Zero-shot, no fine-tuning required. Relies on LLMs like GPT-4 Turbo/GPT-4o-mini for semantic parsing and response generation, with a few few-shot examples.

Key Experimental Results

Main Results (StarV2 benchmark, Agent Act accuracy)

Method Bank Trip Trivia
AnyTOD-PROG+SGD (Fine-tuned T5-XXL) 65.0 62.9 86.3
GPT-4 Turbo (function calling) 55.1 ~50 ~80
Genie (GPT-4 Turbo) 82.5 83.4 92.7
Genie (GPT-4o-mini) 82.1 76.3 84.8

User Study (62 participants, 3 real-world tasks)
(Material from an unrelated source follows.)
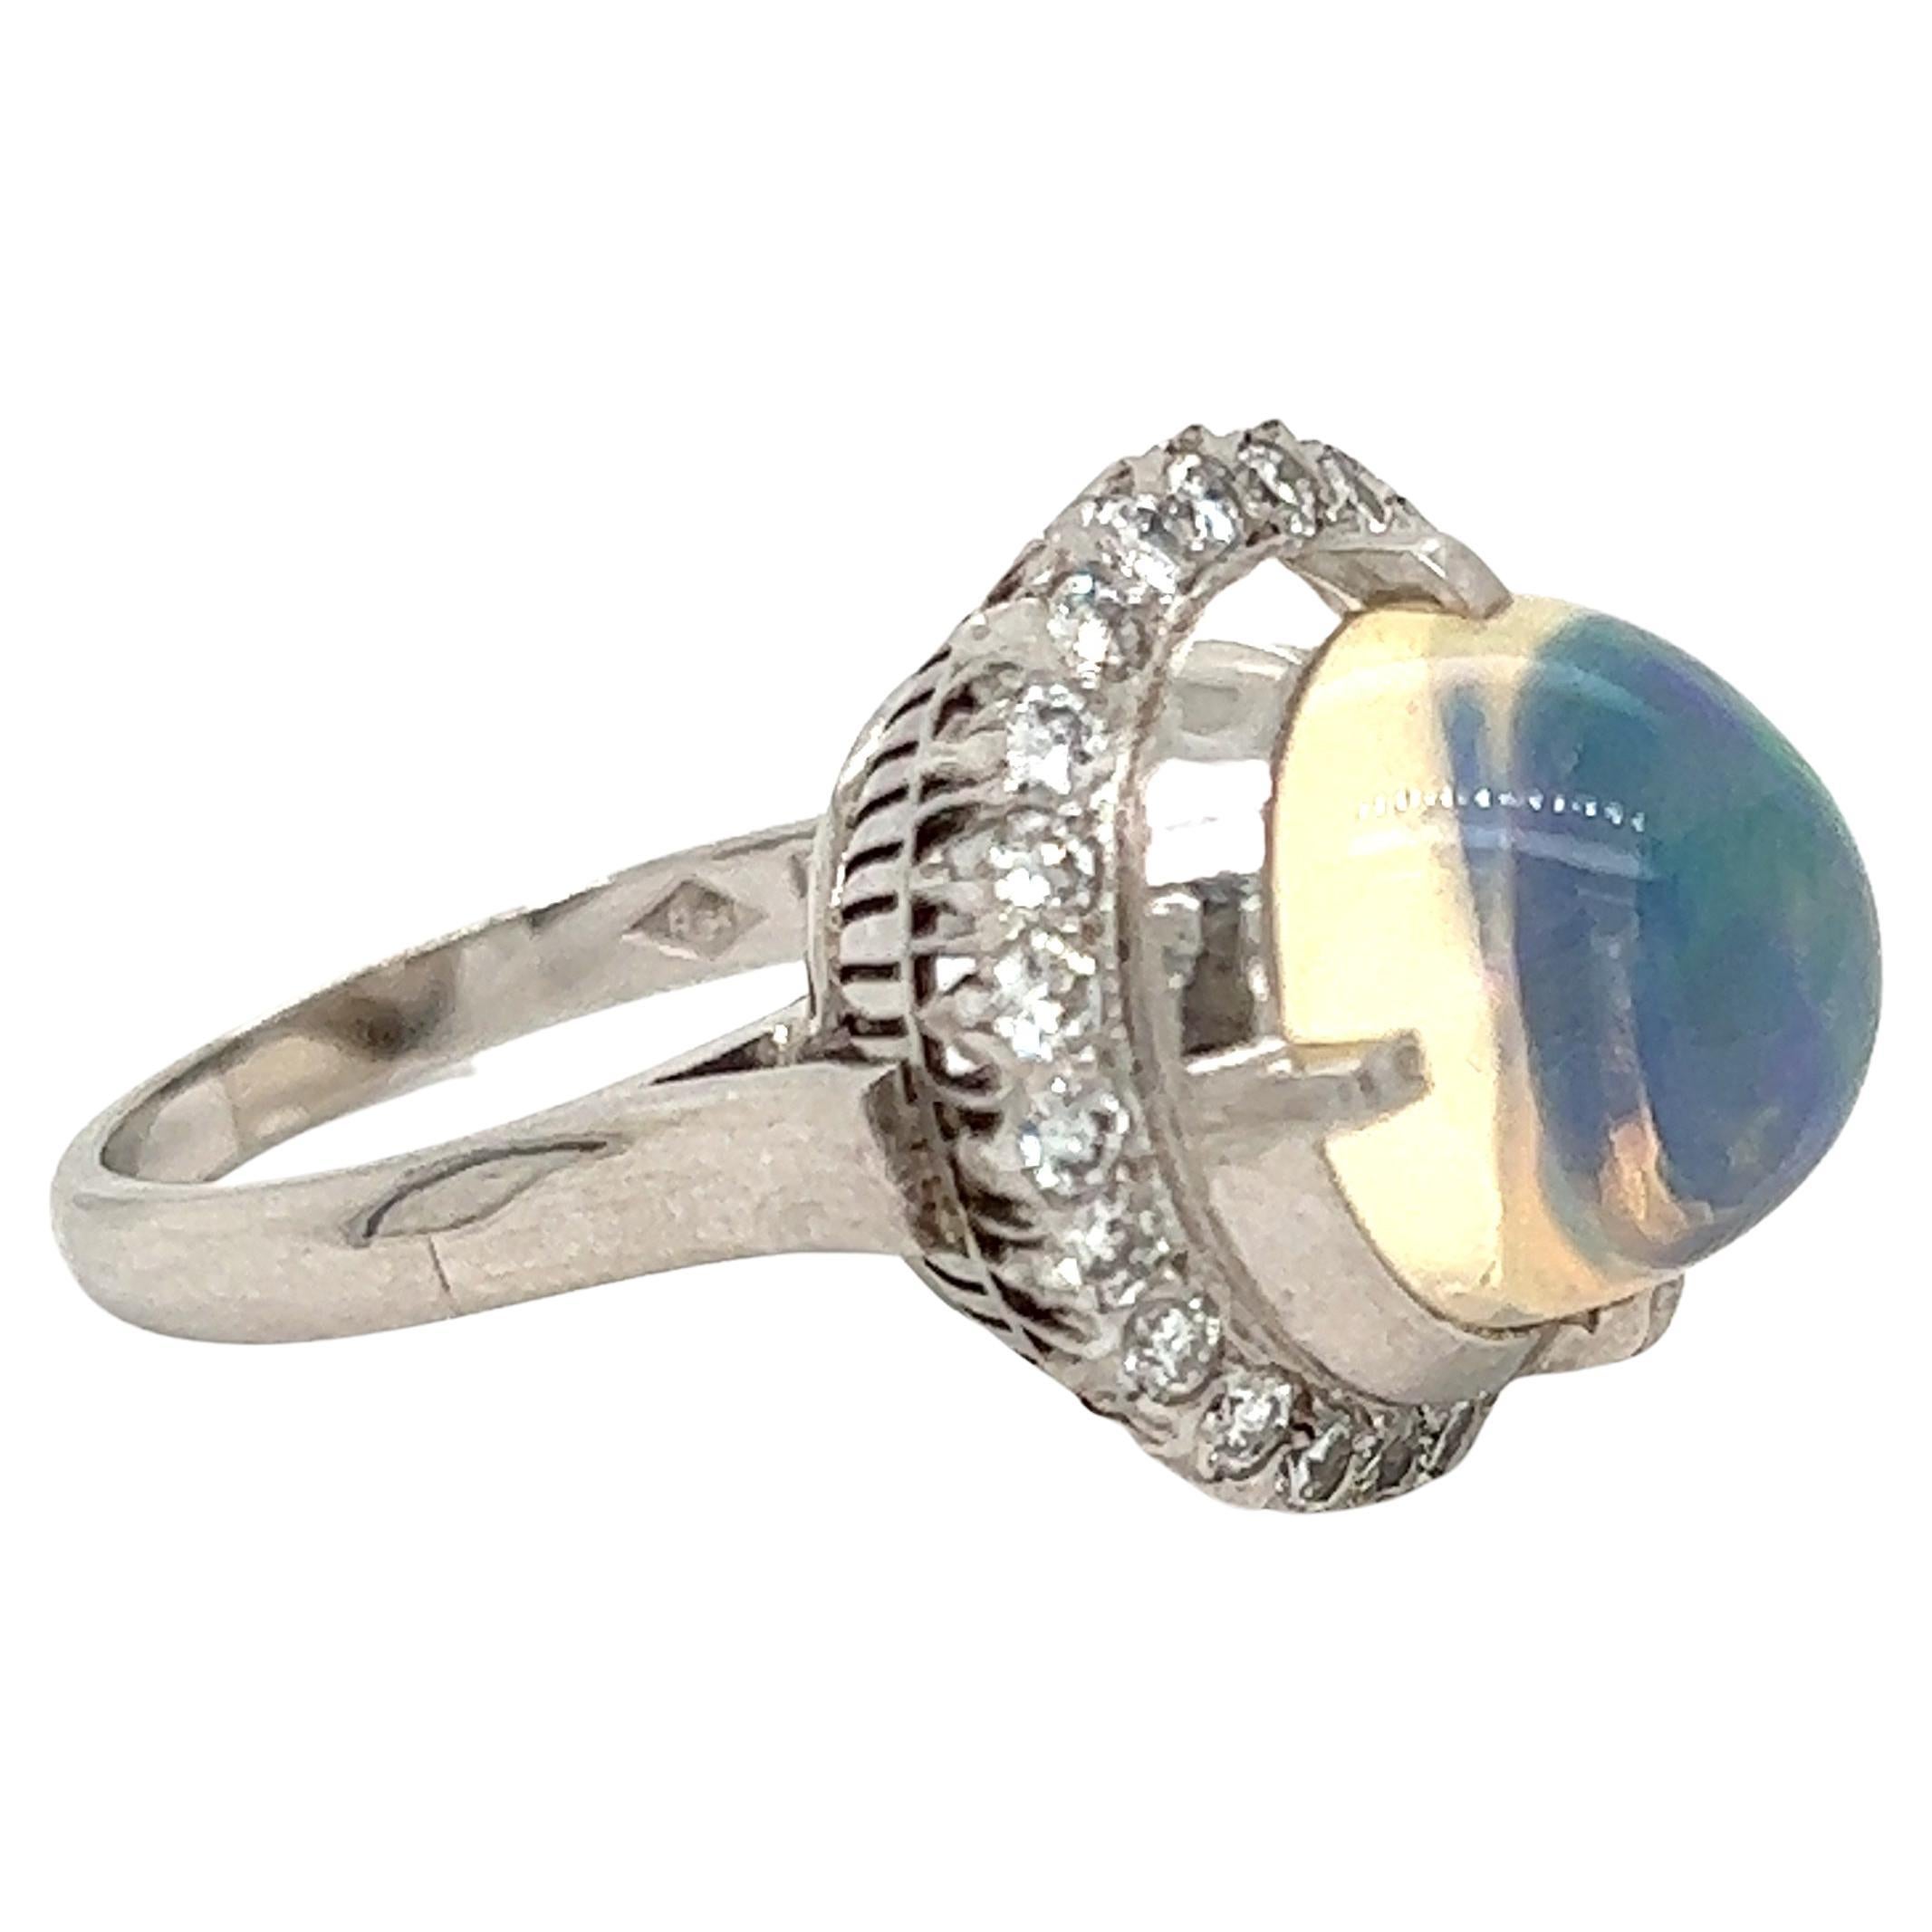 This giant opal and diamond ring is to die for! 5.43 carats of vibrant opal is the centerpiece of this ring, surrounded by 0.90 ctw of diamonds with VS-SI clarity and G-H color. All of the stones are set in 9.00 grams of platinum. 
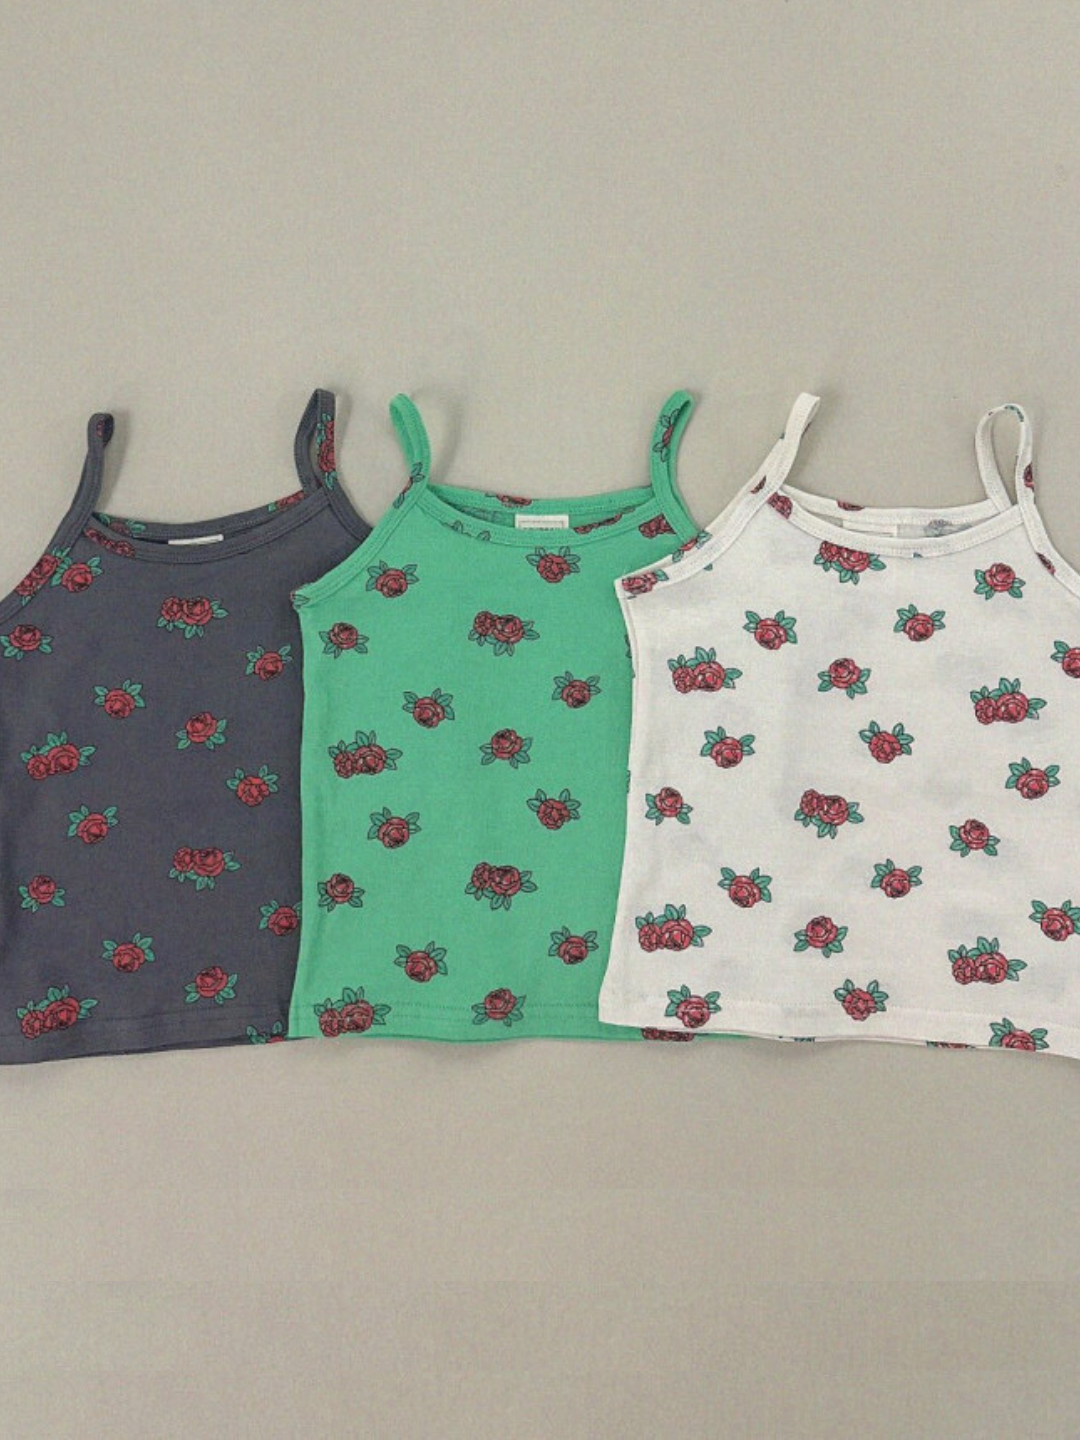 Charcoal | Three color ward of the kids' roses tank tops are laid flat

Method Goal Completion Rate
GPT-4 Turbo + function calling 21.8%
Genie (GPT-4 Turbo) 82.8%

Key Findings

  • Genie allows a weaker model (GPT-4o-mini) to approach the performance of a stronger model (GPT-4 Turbo), and even outperform GPT-4 Turbo without Genie.
  • The function calling method degrades severely in multi-turn dialogues—failing to maintain dialogue state, often asking repetitive questions, or forgetting information.
  • Decoupling policy execution from the LLM is crucial—the LLM only needs to excel at parsing and generation, rather than understanding complex business logic.
  • In real-user studies, the completion rate improved nearly fourfold.

Highlights & Insights

  • The architectural concept of "LLM for NLU/NLG only, leaving policy to a deterministic system" is highly practical, suitable for enterprise-grade Agent deployment.
  • Worksheet declarative specification is far more elegant than dialogue trees—developers define "what is needed" rather than "how to converse".
  • The compositionality of tasks and knowledge queries (where a field type is another Worksheet) addresses common hybrid needs in real-world scenarios.
  • Dialogue states are maintained using formal variables, passing only the most recent state to the LLM, which mitigates long-dialogue forgetting problems.

Limitations & Future Work

  • Developers still need to write Worksheet specifications, which poses a barrier for non-technical users.
  • Highly dependent on the quality of the LLM's semantic parsing—parsing errors can cascade and affect the entire system.
  • Not applicable to open-domain, unstructured conversation scenarios (specifically designed for task-oriented dialogues).
  • Currently, the expressiveness of the Worksheet language is limited; complex business logic might require extensions.
  • vs LLM Function Calling: Function calling cannot maintain dialogue state and fails to follow complex policies; Genie resolves this through an algorithmic Runtime.
  • vs RASA/Dialogue Trees: Dialogue trees require enumerating all paths; Genie Worksheet only declares fields and actions.
  • vs AnyTOD: AnyTOD requires large amounts of training data for fine-tuning; Genie is zero-shot and significantly outperforms it.

Rating

  • Novelty: ⭐⭐⭐⭐ The architectural separation of declarative specification and algorithmic runtime is highly innovative.
  • Experimental Thoroughness: ⭐⭐⭐⭐⭐ Comprehensive evaluation involving benchmarks, user studies with 3 real-world applications, comparisons across multiple LLMs, and detailed analyses.
  • Writing Quality: ⭐⭐⭐⭐⭐ Clear architecture diagrams, rich examples, and complete system design.
  • Value: ⭐⭐⭐⭐⭐ Exceptional practical engineering value, with the completion rate improving from \(22\%\) to \(83\%\) representing a substantial advancement.